### DATA

※

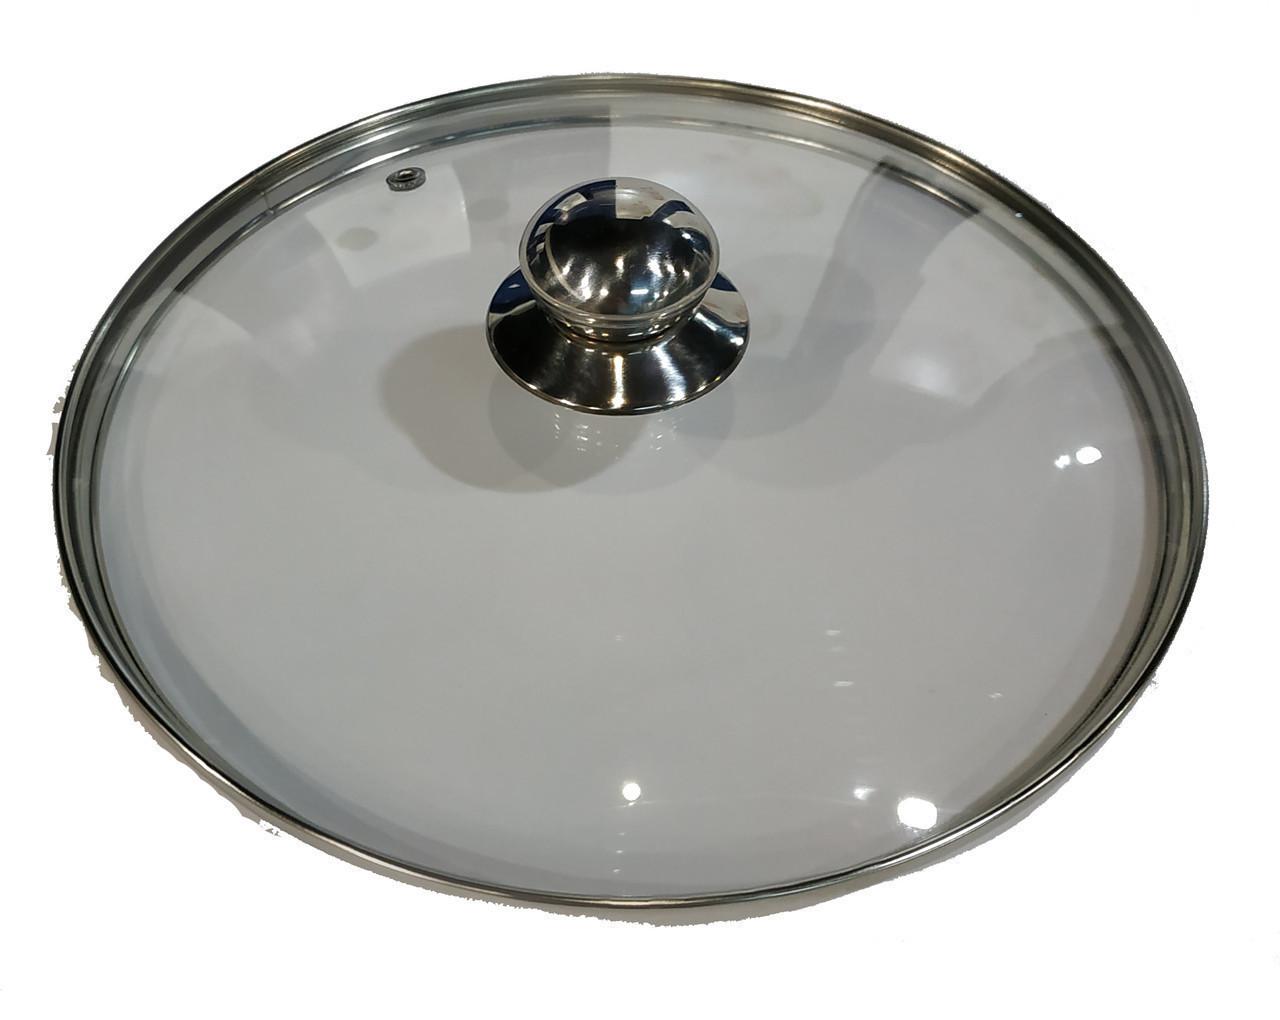 Крышка из закаленного стекла Benson BN-1006 (26 см) | стеклянная крышка на кастрюлю Бенсон | крышка стекло
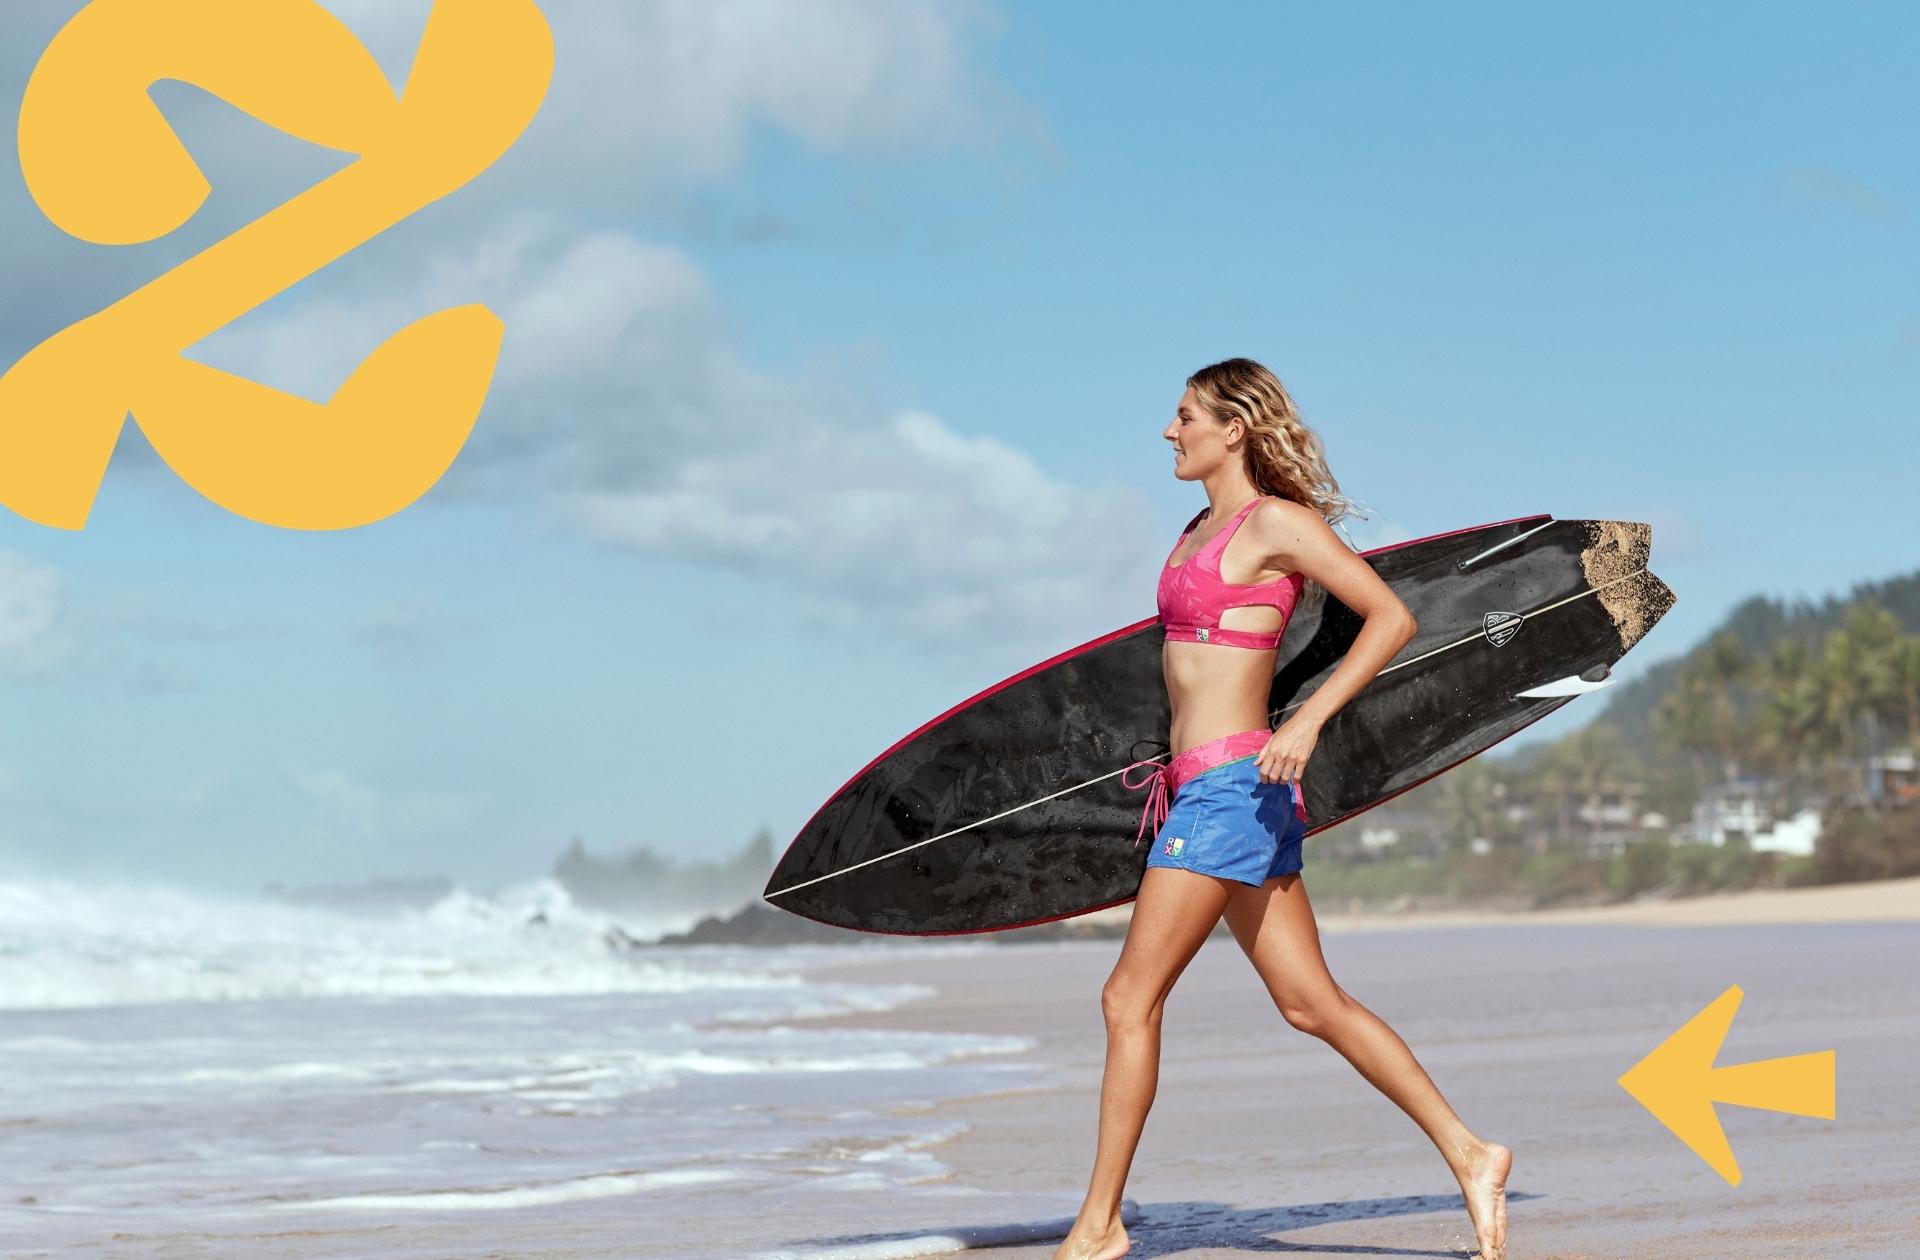 Comment Roxy rend le beachwear éco responsable avec la collection POP surf
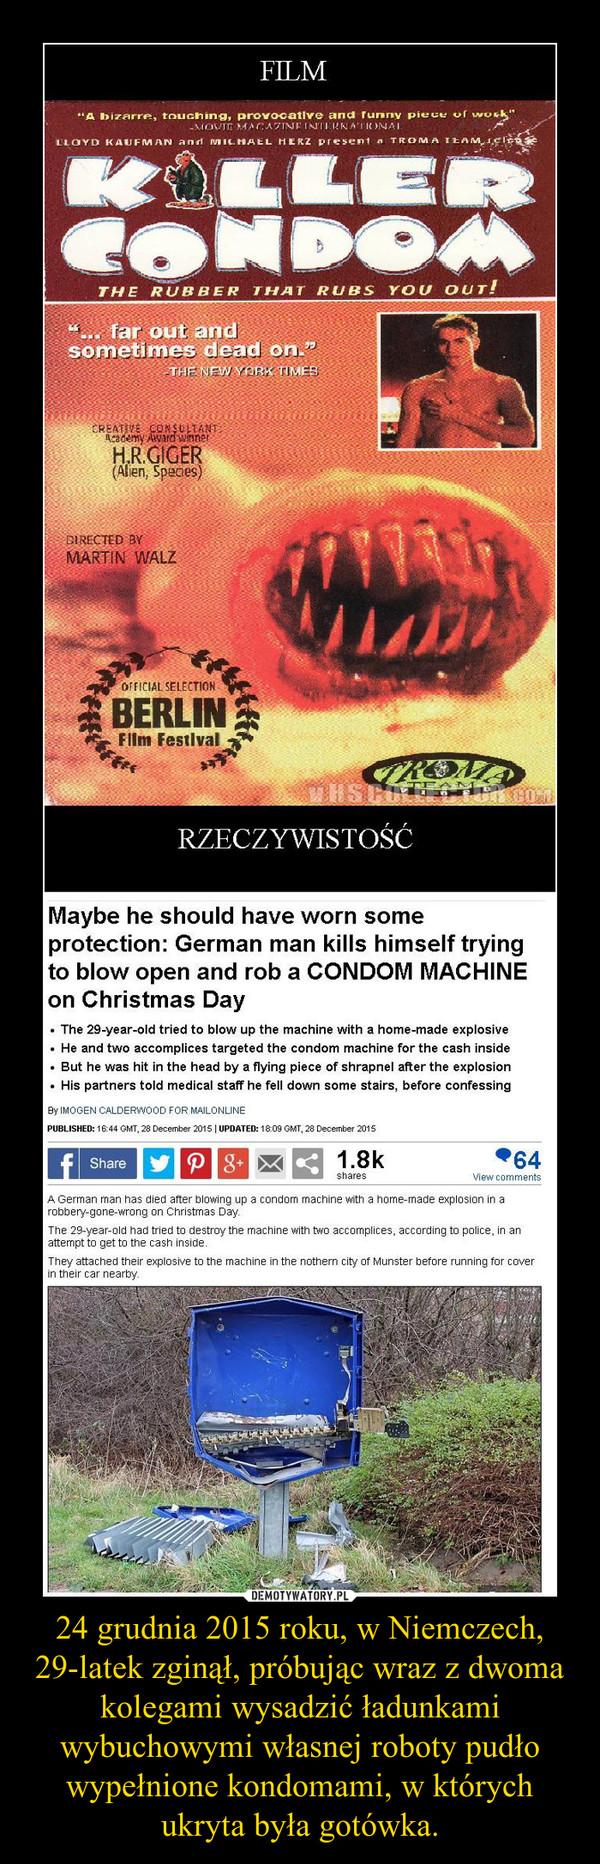 24 grudnia 2015 roku, w Niemczech, 29-latek zginął, próbując wraz z dwoma kolegami wysadzić ładunkami wybuchowymi własnej roboty pudło wypełnione kondomami, w których ukryta była gotówka. –

※

### TASK DESCRIPTION
Copy out exactly, with no pictures, the lines of the data from the first one through the line bearing "Comment Roxy rend".

### EXERCISE RESPONSE
 Крышка из закаленного стекла Benson BN-1006 (26 см) | стеклянная крышка на кастрюлю Бенсон | крышка стекло
 Comment Roxy rend le beachwear éco responsable avec la collection POP surf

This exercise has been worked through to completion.